The problem can be found at the following link: Question Link

Problem Description

Given an array nums of (n) positive integers, find the minimum number of operations required to modify the array such that array elements are in strictly increasing order ((nums[i] < nums[i+1])). Changing a number to greater or lesser than the original number is counted as one operation.

Example:

Input:

n = 6
nums = [1, 2, 3, 6, 5, 4]

Output:

2

Explanation: By decreasing 6 by 2 and increasing 4 by 2, nums will be like [1, 2, 3, 4, 5, 6], which is strictly increasing.

My Approach

1. Dynamic Programming:

• Initialize a dynamic programming array dp of size (n) with all elements set to 1.

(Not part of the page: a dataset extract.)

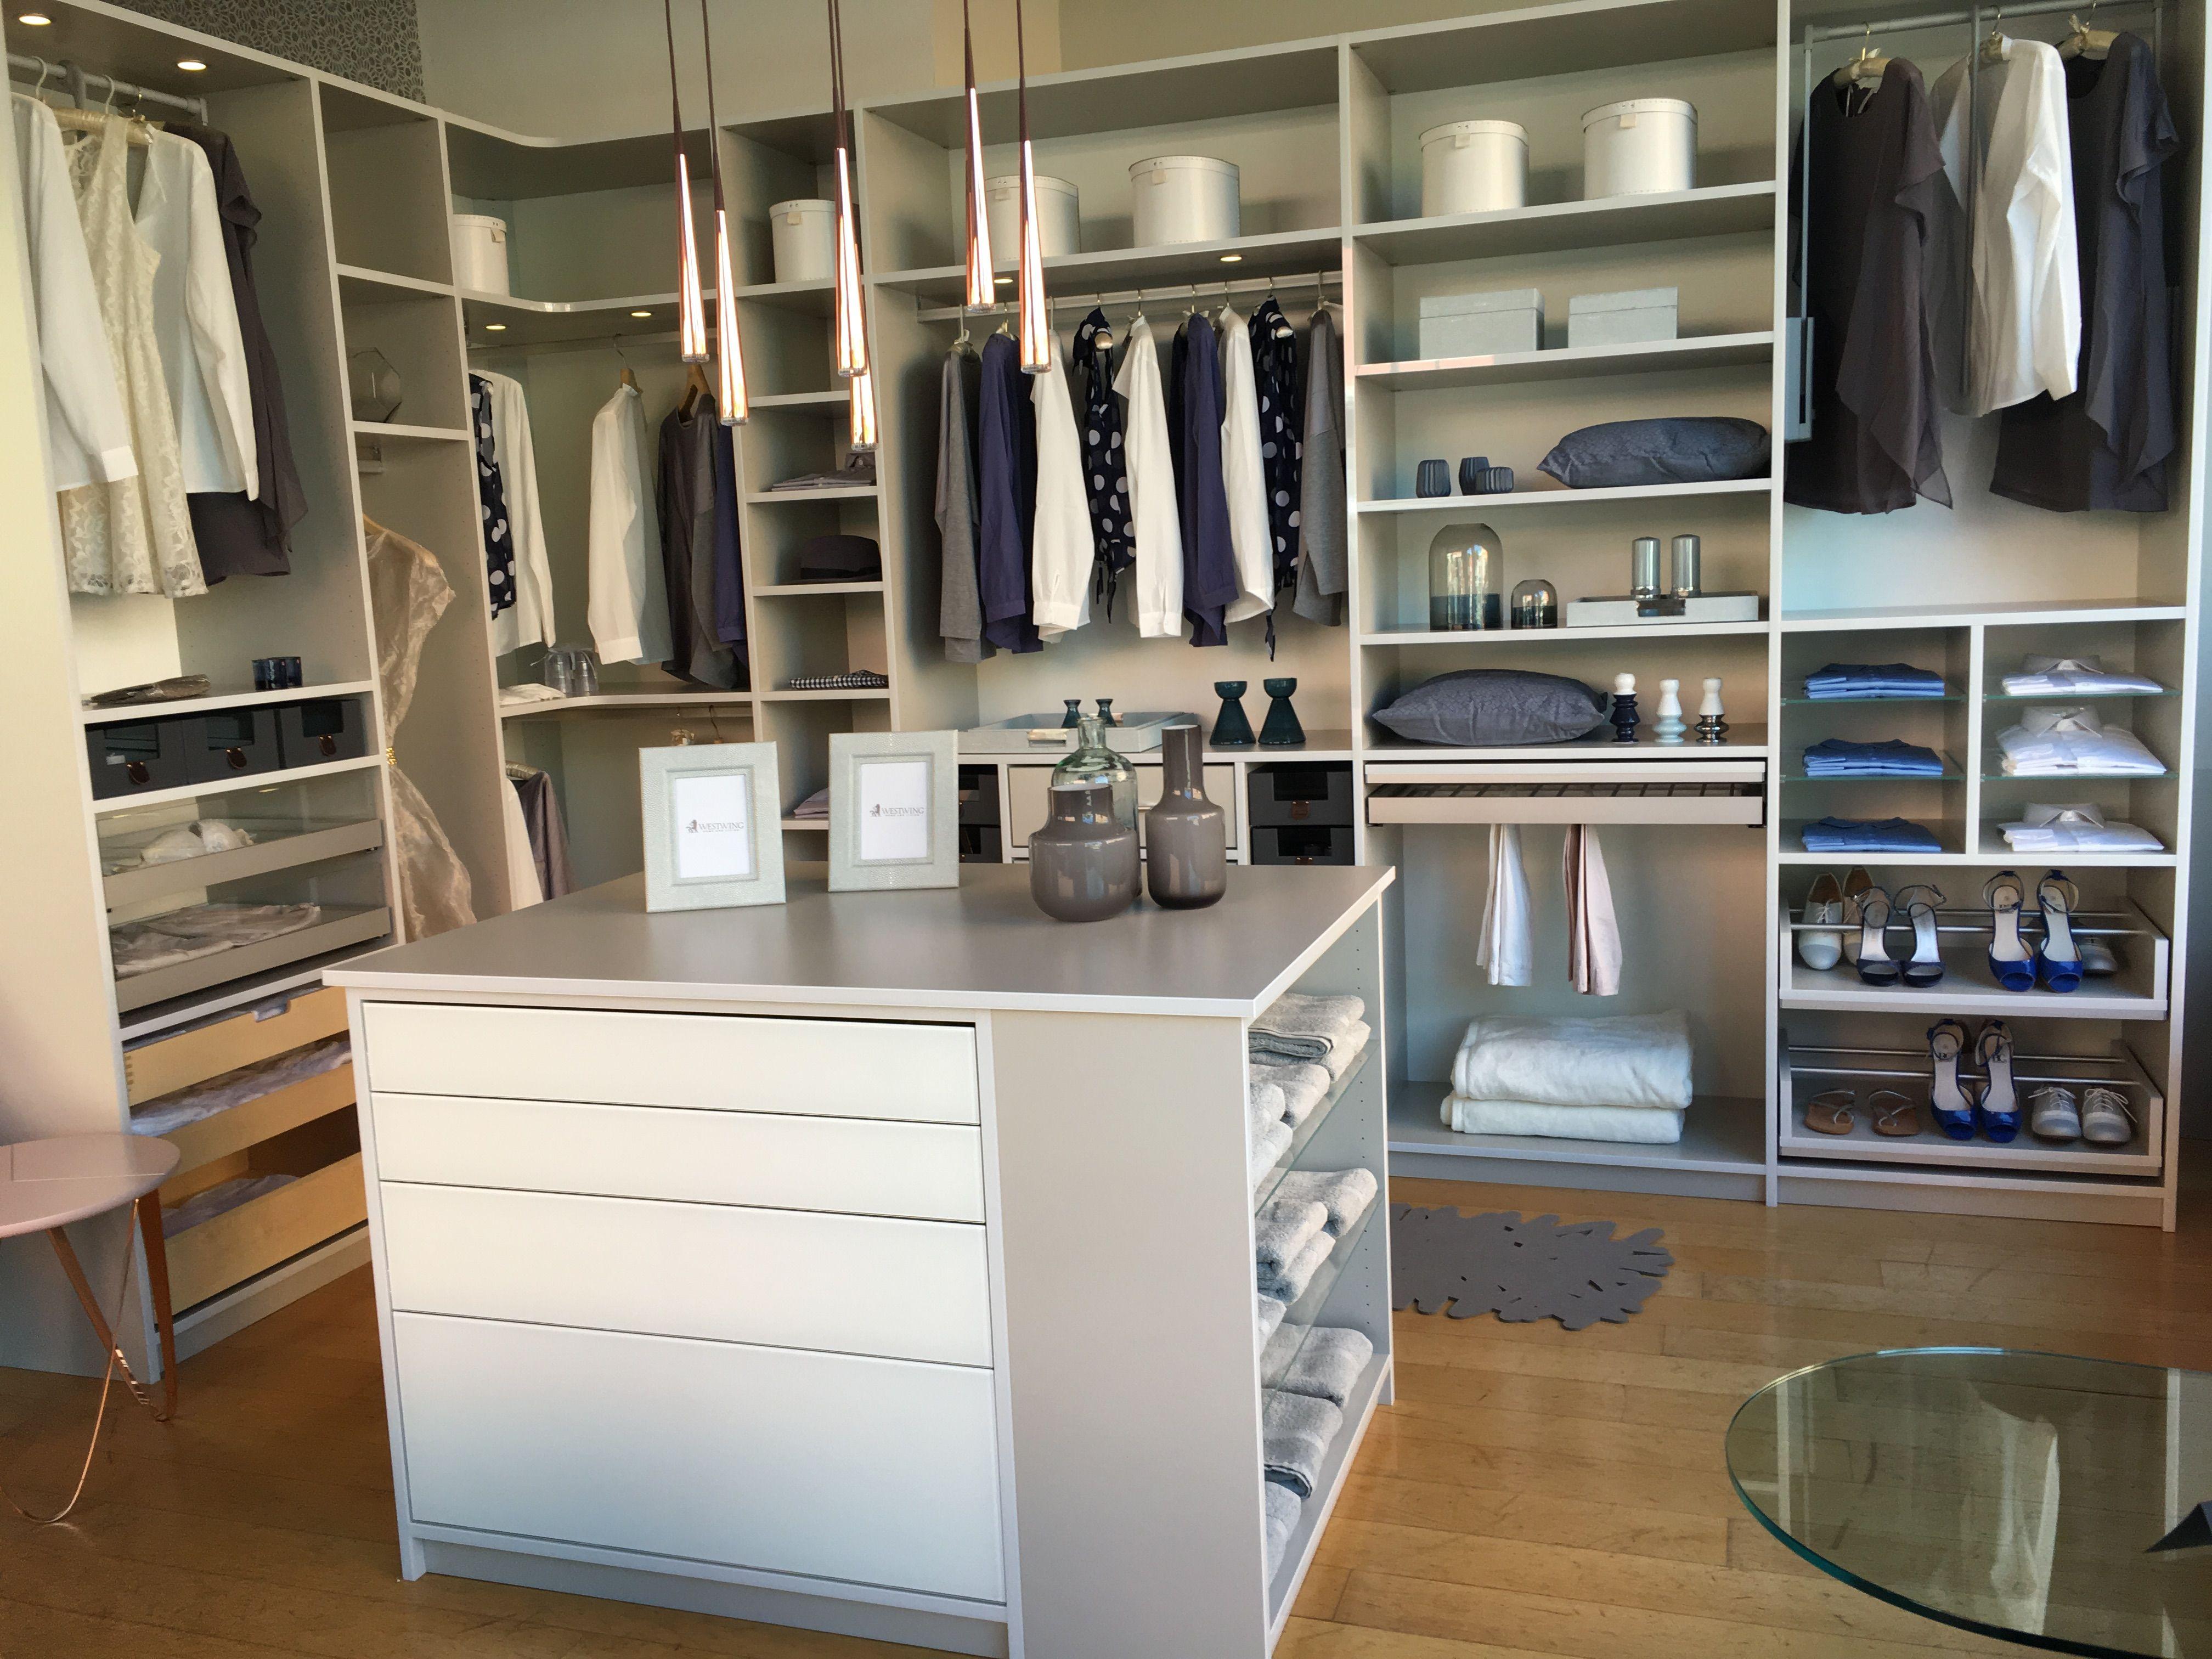 Einbauschränke nach Maß   Begehbare Kleiderschränke   Ankleide zimmer, Ankleidezimmer und ...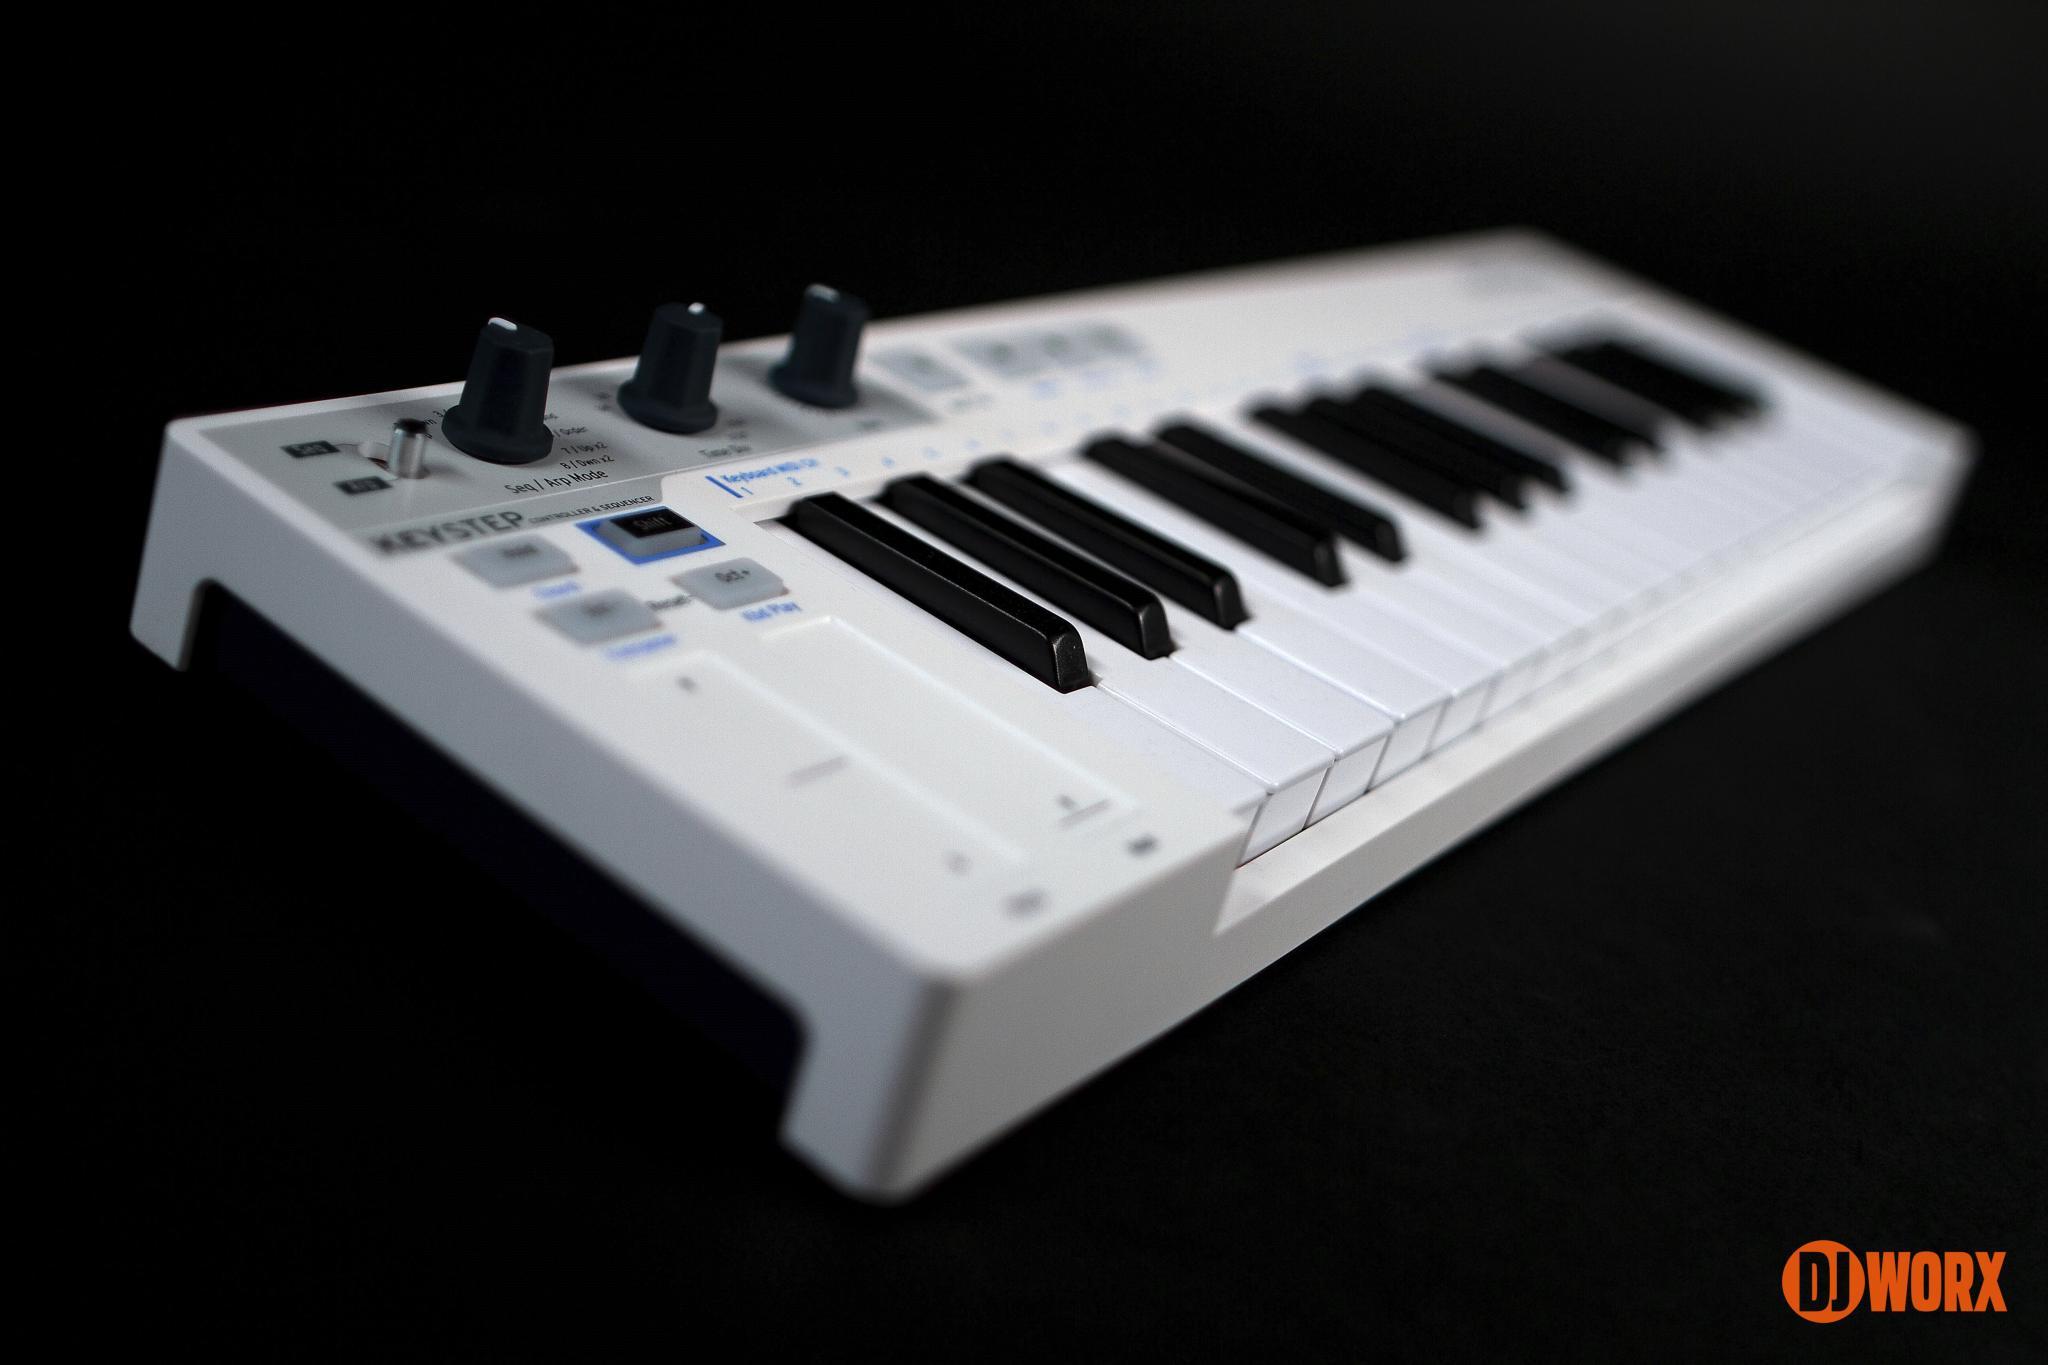 REVIEW: Arturia KeyStep MIDI keyboard | DJWORX

• Iterate through the array nums and for each element nums[i], compare it with all previous elements nums[j] (where (j < i)).

• If nums[i] - nums[j] >= i - j, update dp[i] as max(dp[i], dp[j] + 1) and update maxi as max(maxi, dp[i]).

• Finally, return (n - \text{maxi}), where (n) is the size of the array.

Time and Auxiliary Space Complexity

• Expected Time Complexity: (O(n^2)), as we iterate through the array and perform comparisons.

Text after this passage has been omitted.